[[ DATASET RECORDS open ]]
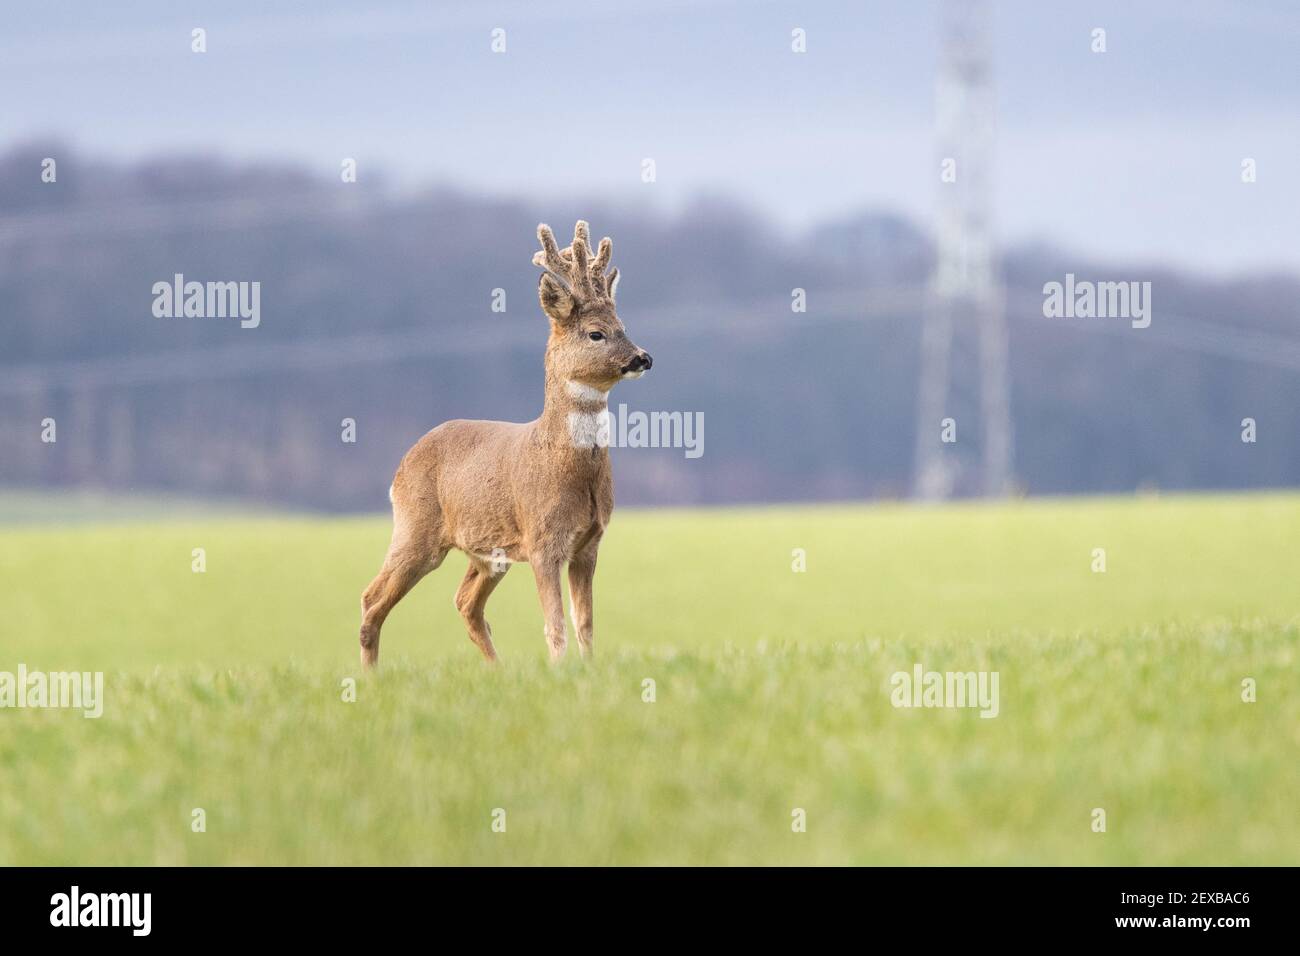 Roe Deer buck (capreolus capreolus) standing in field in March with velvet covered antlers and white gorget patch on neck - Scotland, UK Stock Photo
[[ DATASET RECORDS closed ]]
[[ DATASET RECORDS open ]]
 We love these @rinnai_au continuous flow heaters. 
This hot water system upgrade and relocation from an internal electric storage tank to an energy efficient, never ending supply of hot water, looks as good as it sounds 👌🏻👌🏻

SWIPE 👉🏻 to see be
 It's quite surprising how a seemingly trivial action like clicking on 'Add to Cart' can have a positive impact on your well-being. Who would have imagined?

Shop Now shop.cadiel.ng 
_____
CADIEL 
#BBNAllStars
[[ DATASET RECORDS closed ]]
[[ DATASET RECORDS open ]]
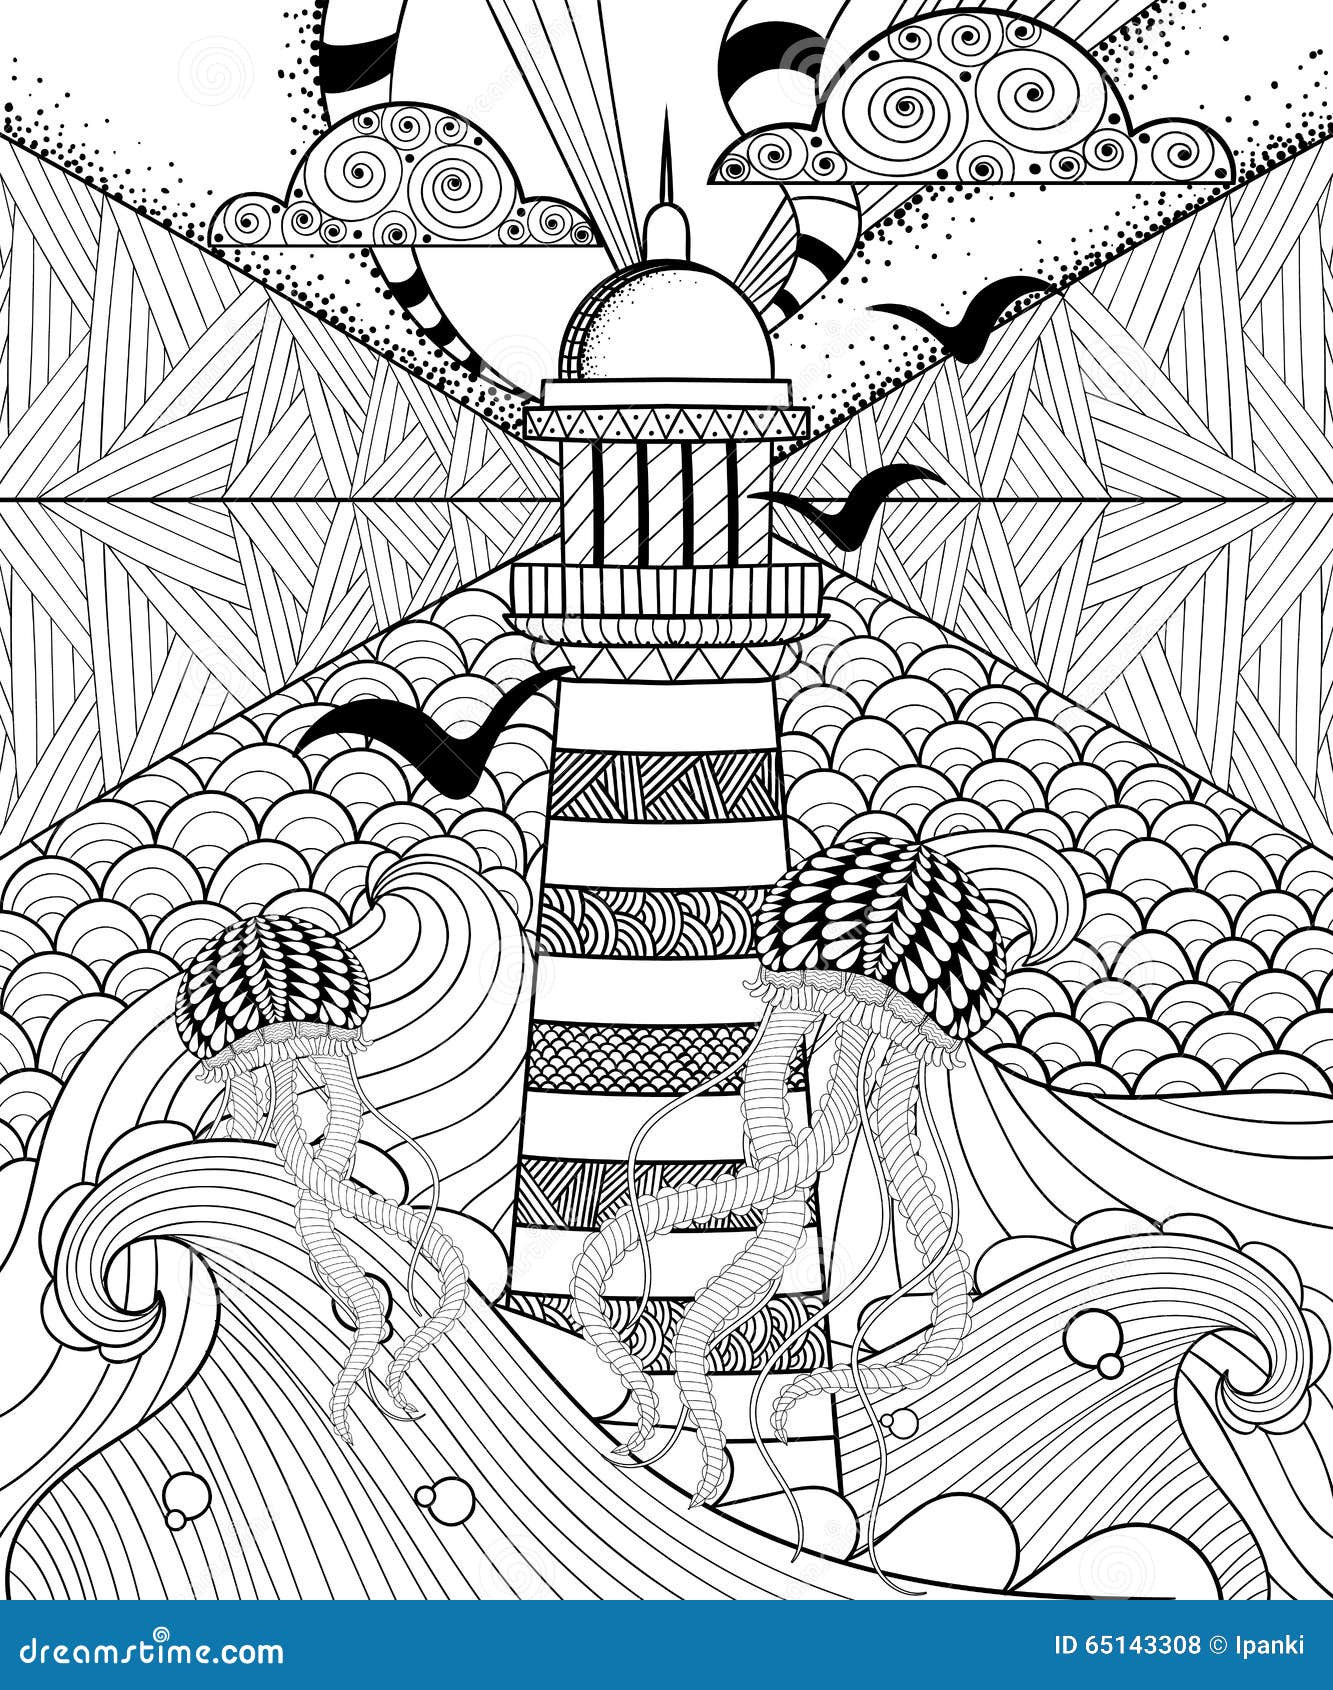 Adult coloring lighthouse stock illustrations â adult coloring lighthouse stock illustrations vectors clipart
[[ DATASET RECORDS closed ]]
### INSTRUCTIONS TO FOLLOW:
The line above containing "This hot water", the line containing "#BBNAllStars", and every line between them are to be transcribed exactly; no other line is wanted.

### COMPLETED TASK:
This hot water system upgrade and relocation from an internal electric storage tank to an energy efficient, never ending supply of hot water, looks as good as it sounds 👌🏻👌🏻

SWIPE 👉🏻 to see be
 It's quite surprising how a seemingly trivial action like clicking on 'Add to Cart' can have a positive impact on your well-being. Who would have imagined?

Shop Now shop.cadiel.ng 
_____
CADIEL 
#BBNAllStars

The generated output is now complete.